Hello everyone, I am 34 years old, and I have consumed pornography since I was 15 years old, it started when I was in school.
In my house my father was an alcoholic (fights and problems at home), I don't know how much that situation would have affected me, but when everything started I was very shy and it was difficult to make friends, I couldn't talk to women, so one day I They talked about pornography, I decided to watch out of curiosity and I got to spend all my money on web pages with pornographic content, I downloaded videos and images and took them to my house (at that time everyone thought I was a saint, when in fact I had a big problem), I wanted to have friends but I could not, I was a very insecure boy and I felt dislike for myself, my hobby was imagination and I even made drawings having sex, from that moment until now I have not been able to leave it, I have tried to quit many times but failed, 15 years ago I stopped doing it, I was clean for 01 year but relapsed, then I left it again for another 08 months and relapsed again (I still remember the insecurity I had and the family problems that added), from that moment I began to deceive myself that I could live with it and from that moment until now, I have not been able to leave it, there were many moments when I felt that it was something I could control, but I kept deceiving myself (people around me they had a
concept of me and to pretend, I decided not to face my problem) and as the days went by I lived only on appearances and deceptions, I realized that I need help.
I have lost many opportunities on a personal and professional level, every time I needed to study or prepare for university or work, pornographic thoughts and the desire to masturbate came to my mind and I felt, I was without energy, ashamed, I did not have a healthy social life , I said goodbye to myself, my self-esteem dropped, I had no confidence in myself, I had no desire to do anything, I have seen my dreams destroyed, opportunities to leave, a life with bad decisions to such a degree that I allowed myself to be treated badly to feel good with myself, my life got messed up.
Currently I have my partner and I do not want to ruin it, I want to have healthy and satisfactory sexual relations for me and my partner, but I have realized that I am stuck, I do not advance, I only go back, before writing these words I was on day 03 but I slipped, Today marks a new beginning, I'm going to make it! I will continue to record my diary until I reach the final goal, thank you for your time.

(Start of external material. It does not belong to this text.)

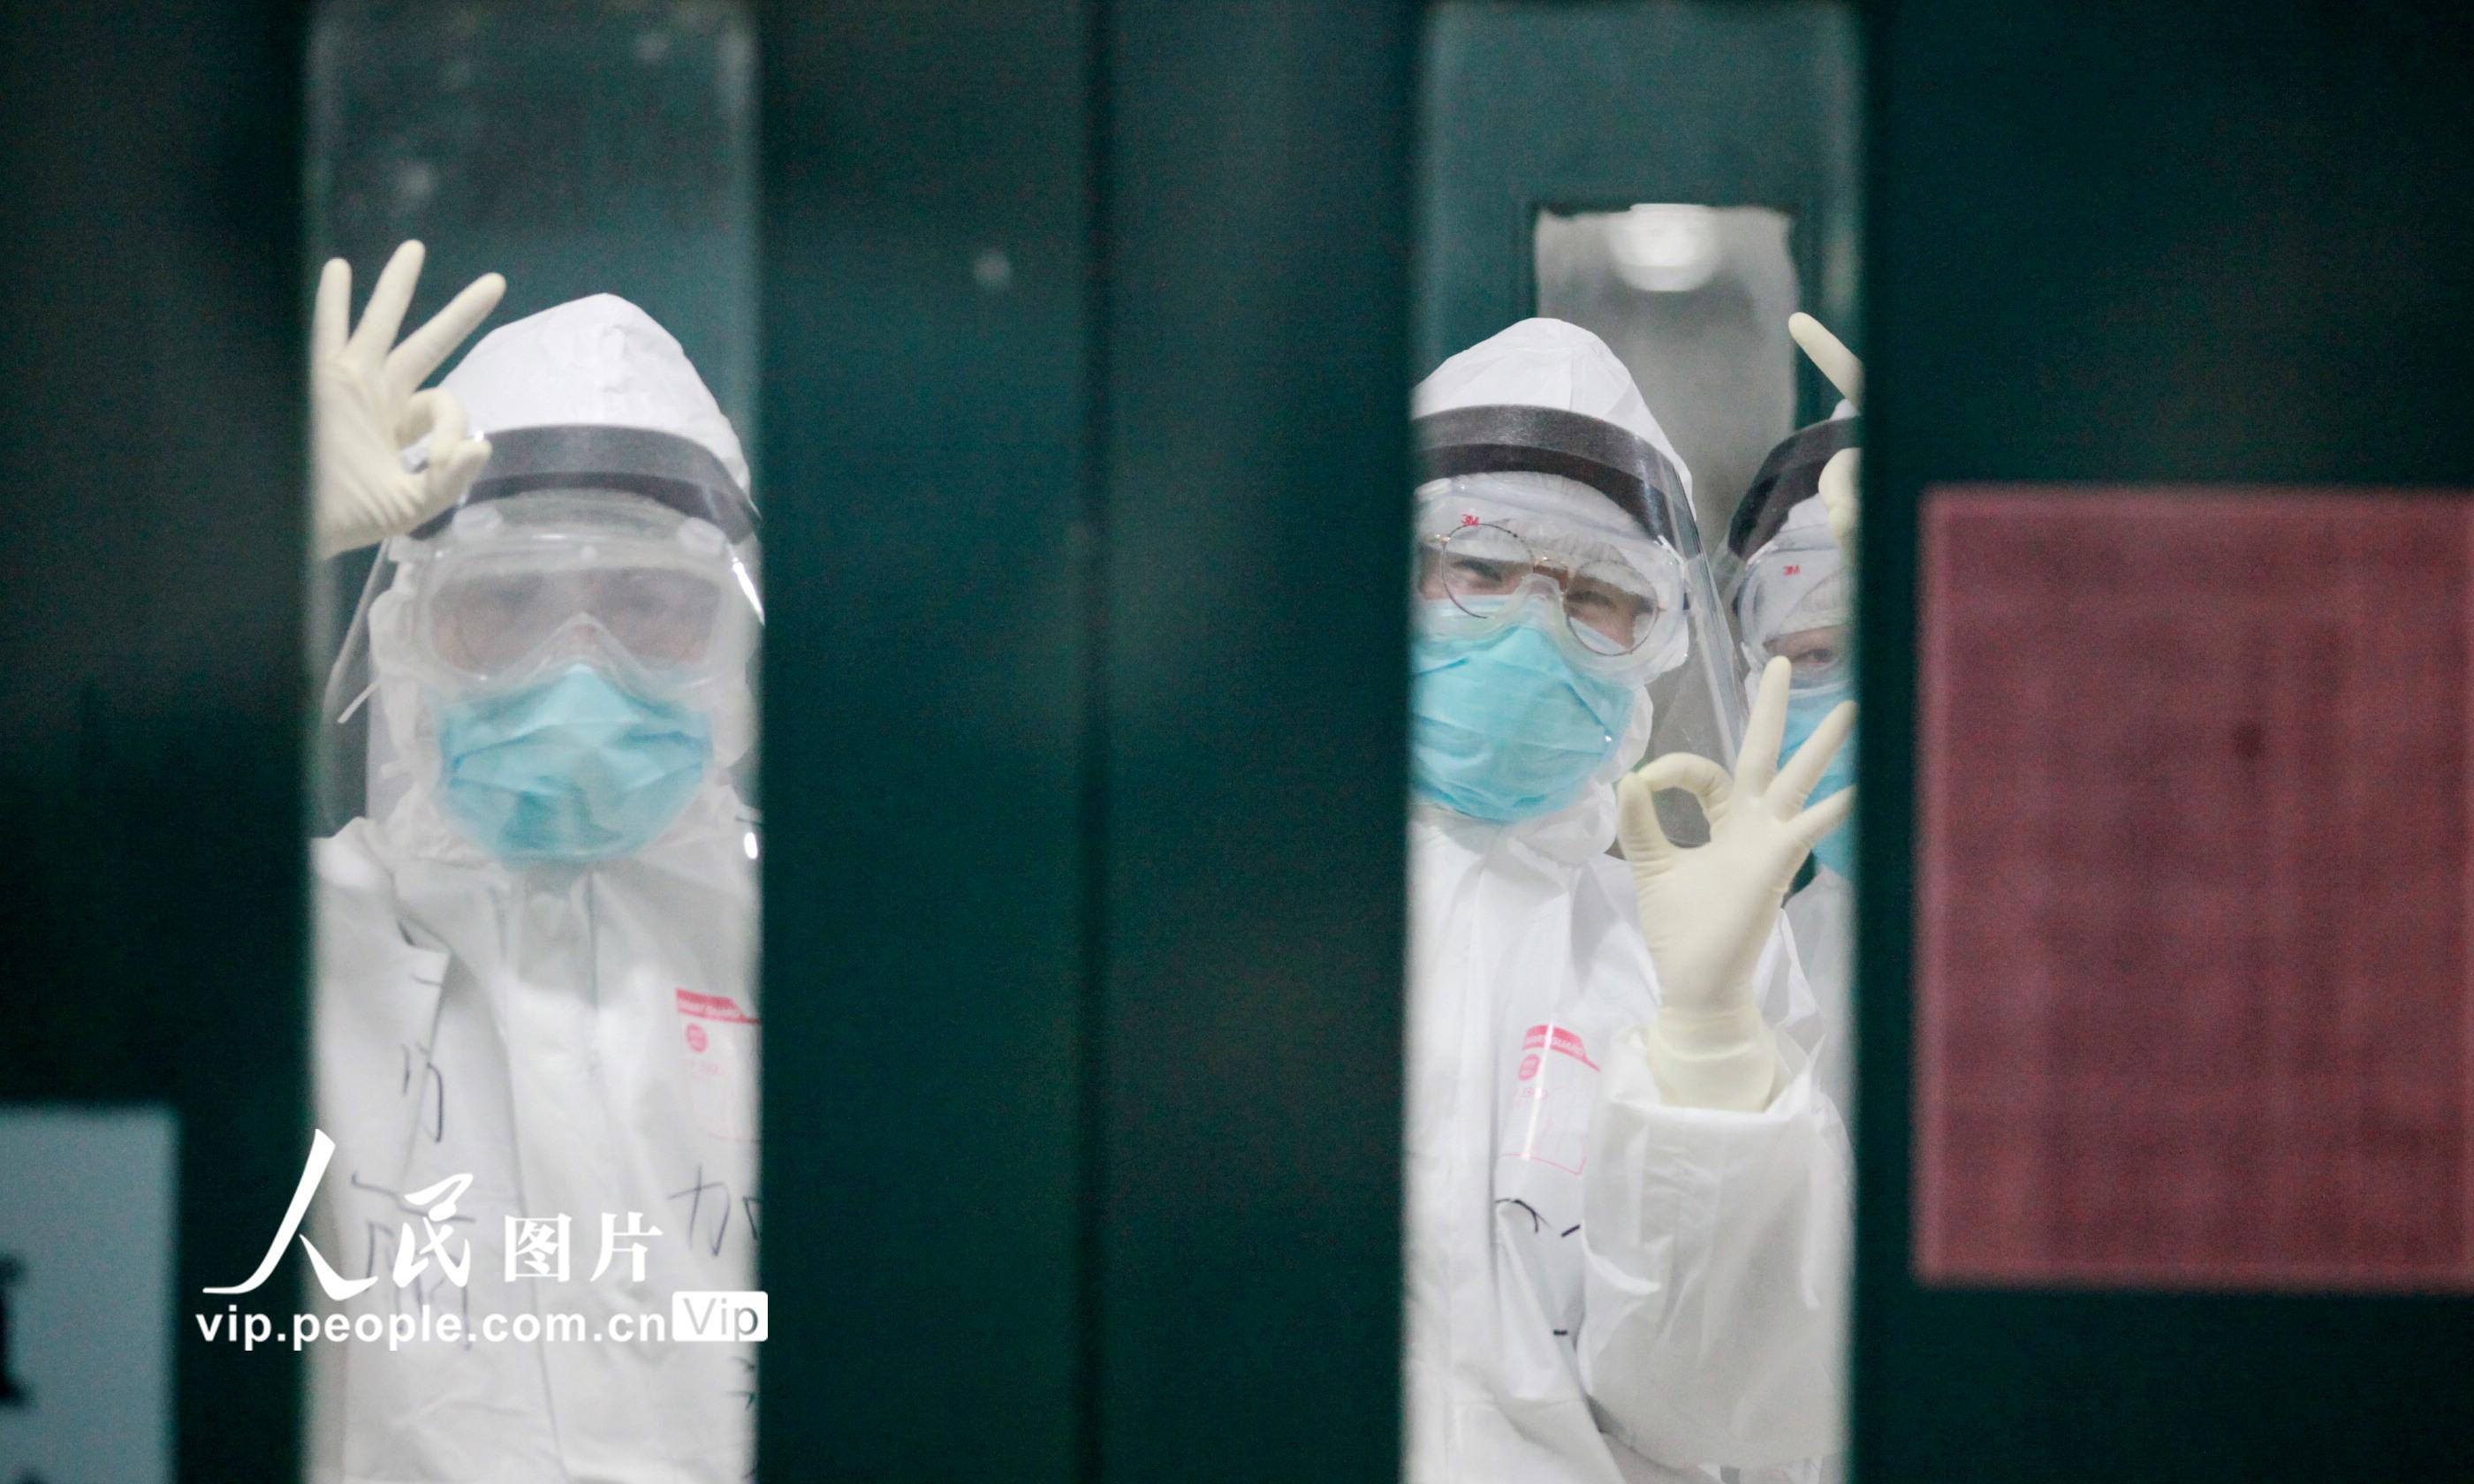 江苏扬州:战疫一线的医护人员
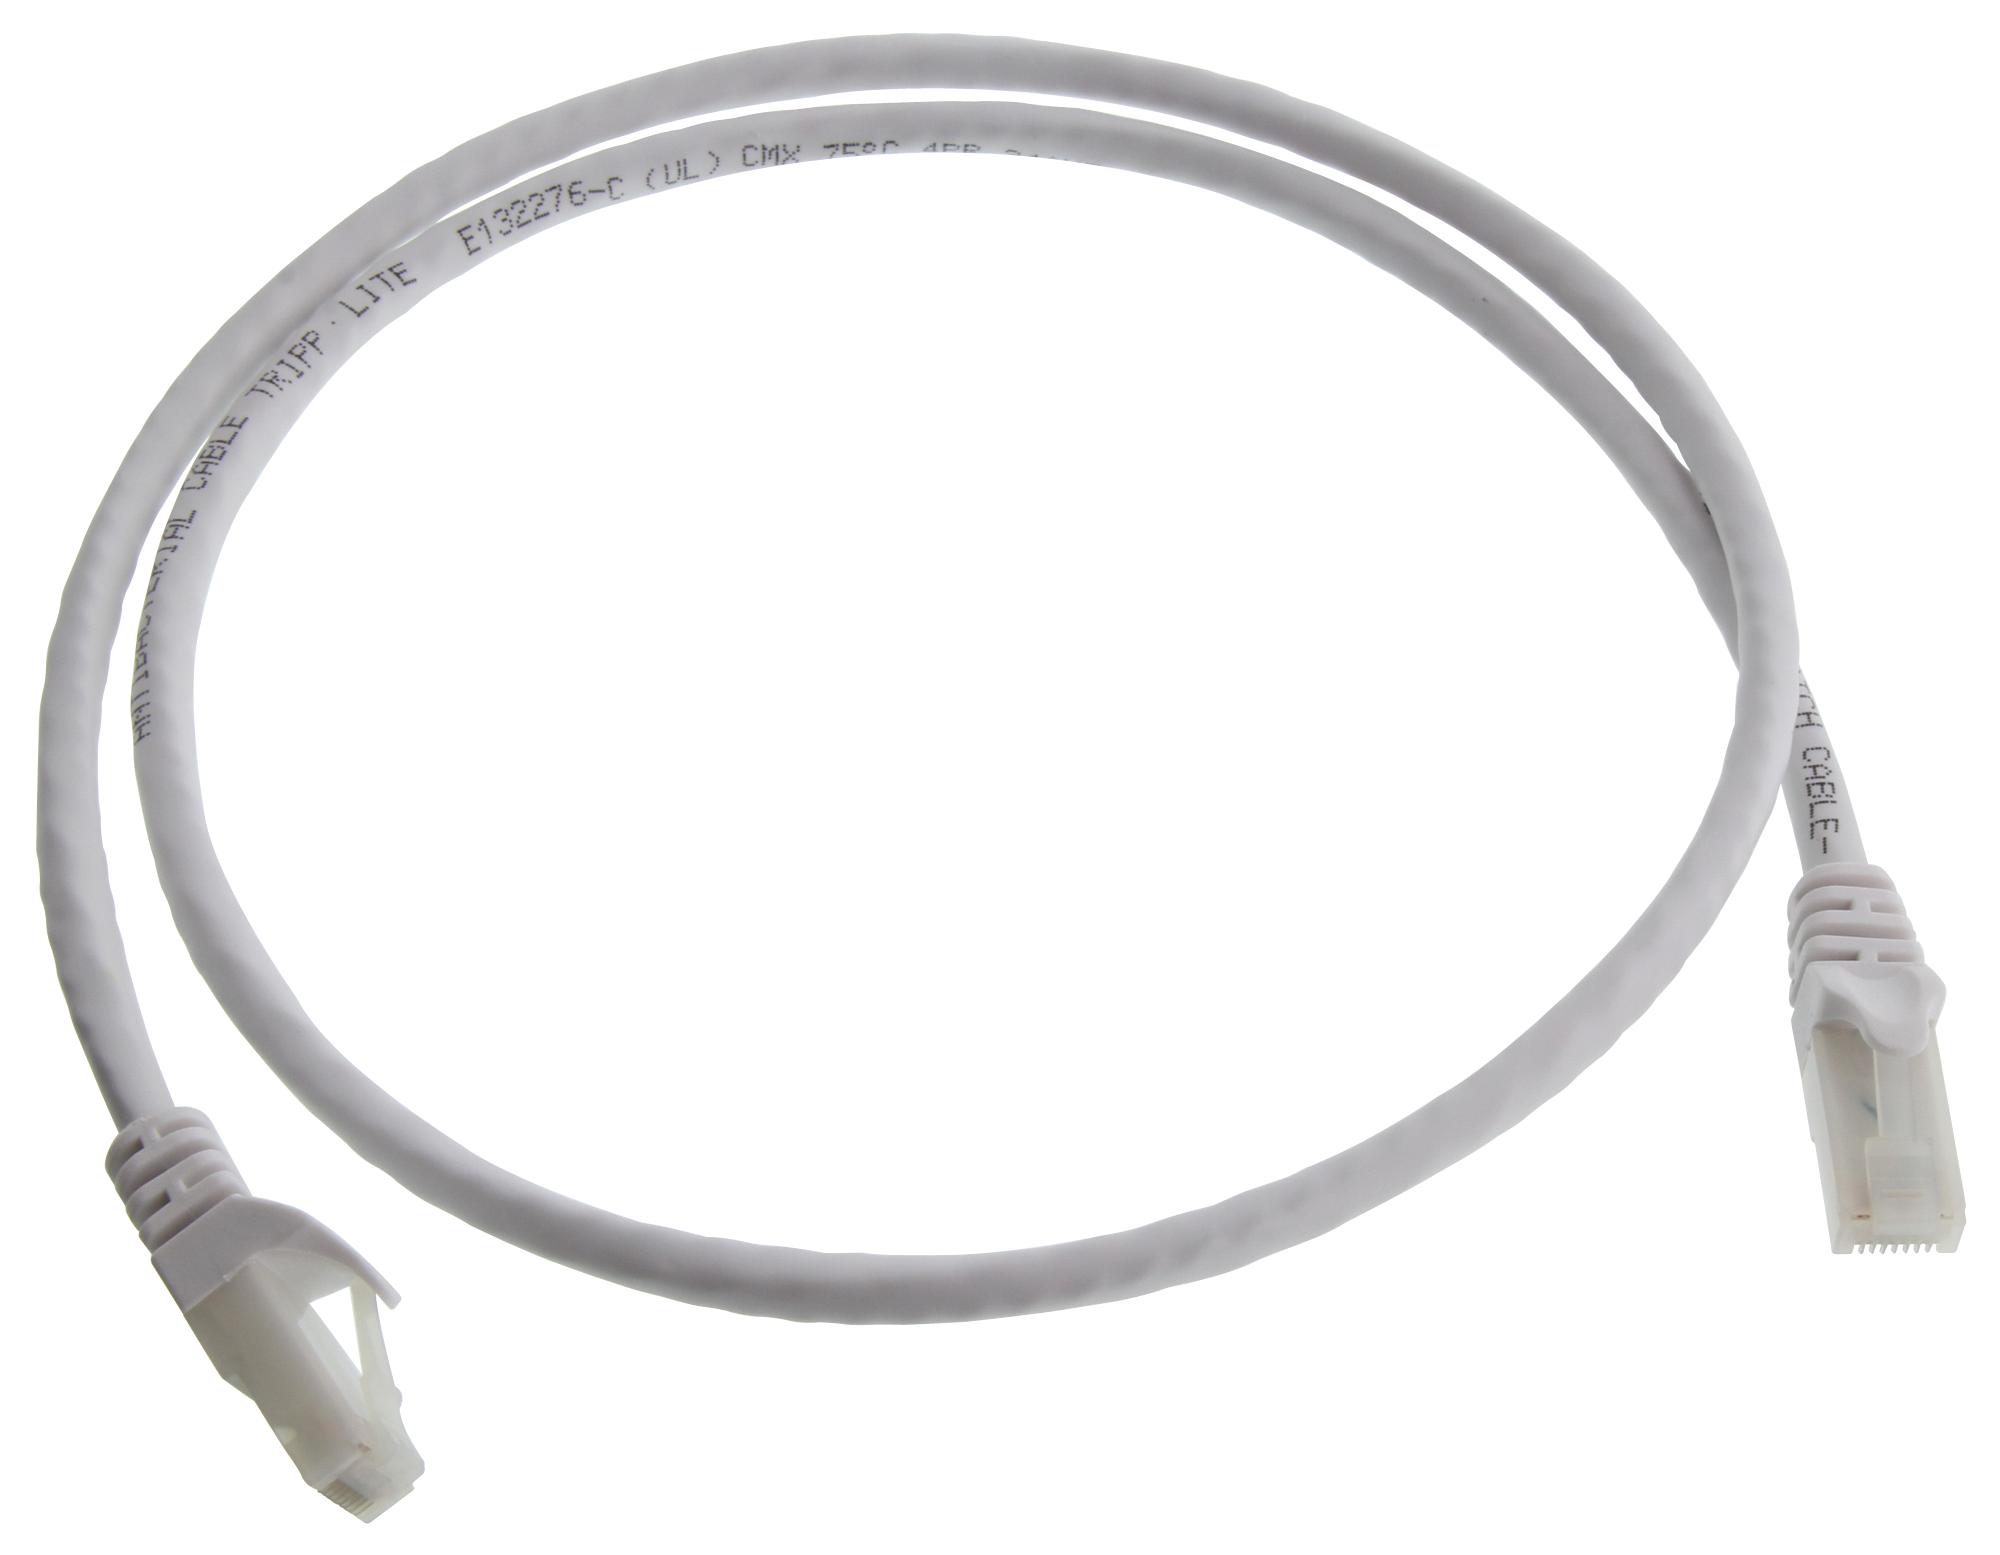 Eaton Tripp Lite N261Ab-003-Wh Enet Cable, Rj45 Plug-Plug, 3Ft, White

In my house my father was an alcoholic (fights and problems at home), I don't know how much that situation would have affected me, but when everything started I was very shy and it was difficult to make friends, I couldn't talk to women, so one day I They talked about pornography, I decided to watch out of curiosity and I got to spend all my money on web pages with pornographic content, I downloaded videos and images and took them to my house (at that time everyone thought I was a saint, when in fact I had a big problem), I wanted to have friends but I could not, I was a very insecure boy and I felt dislike for myself, my hobby was imagination and I even made drawings having sex, from that moment until now I have not been able to leave it, I have tried to quit many times but failed, 15 years ago I stopped doing it, I was clean for 01 year but relapsed, then I left it again for another 08 months and relapsed again (I still remember the insecurity I had and the family problems that added), from that moment I began to deceive myself that I could live with it and from that moment until now, I have not been able to leave it, there were many moments when I felt that it was something I could control, but I kept deceiving myself (people around me they had a
concept of me and to pretend, I decided not to face my problem) and as the days went by I lived only on appearances and deceptions, I realized that I need help.
I have lost many opportunities on a personal and professional level, every time I needed to study or prepare for university or work, pornographic thoughts and the desire to masturbate came to my mind and I felt, I was without energy, ashamed, I did not have a healthy social life , I said goodbye to myself, my self-esteem dropped, I had no confidence in myself, I had no desire to do anything, I have seen my dreams destroyed, opportunities to leave, a life with bad decisions to such a degree that I allowed myself to be treated badly to feel good with myself, my life got messed up.
Currently I have my partner and I do not want to ruin it, I want to have healthy and satisfactory sexual relations for me and my partner, but I have realized that I am stuck, I do not advance, I only go back, before writing these words I was on day 03 but I slipped, Today marks a new beginning, I'm going to make it! I will continue to record my diary until I reach the final goal, thank you for your time.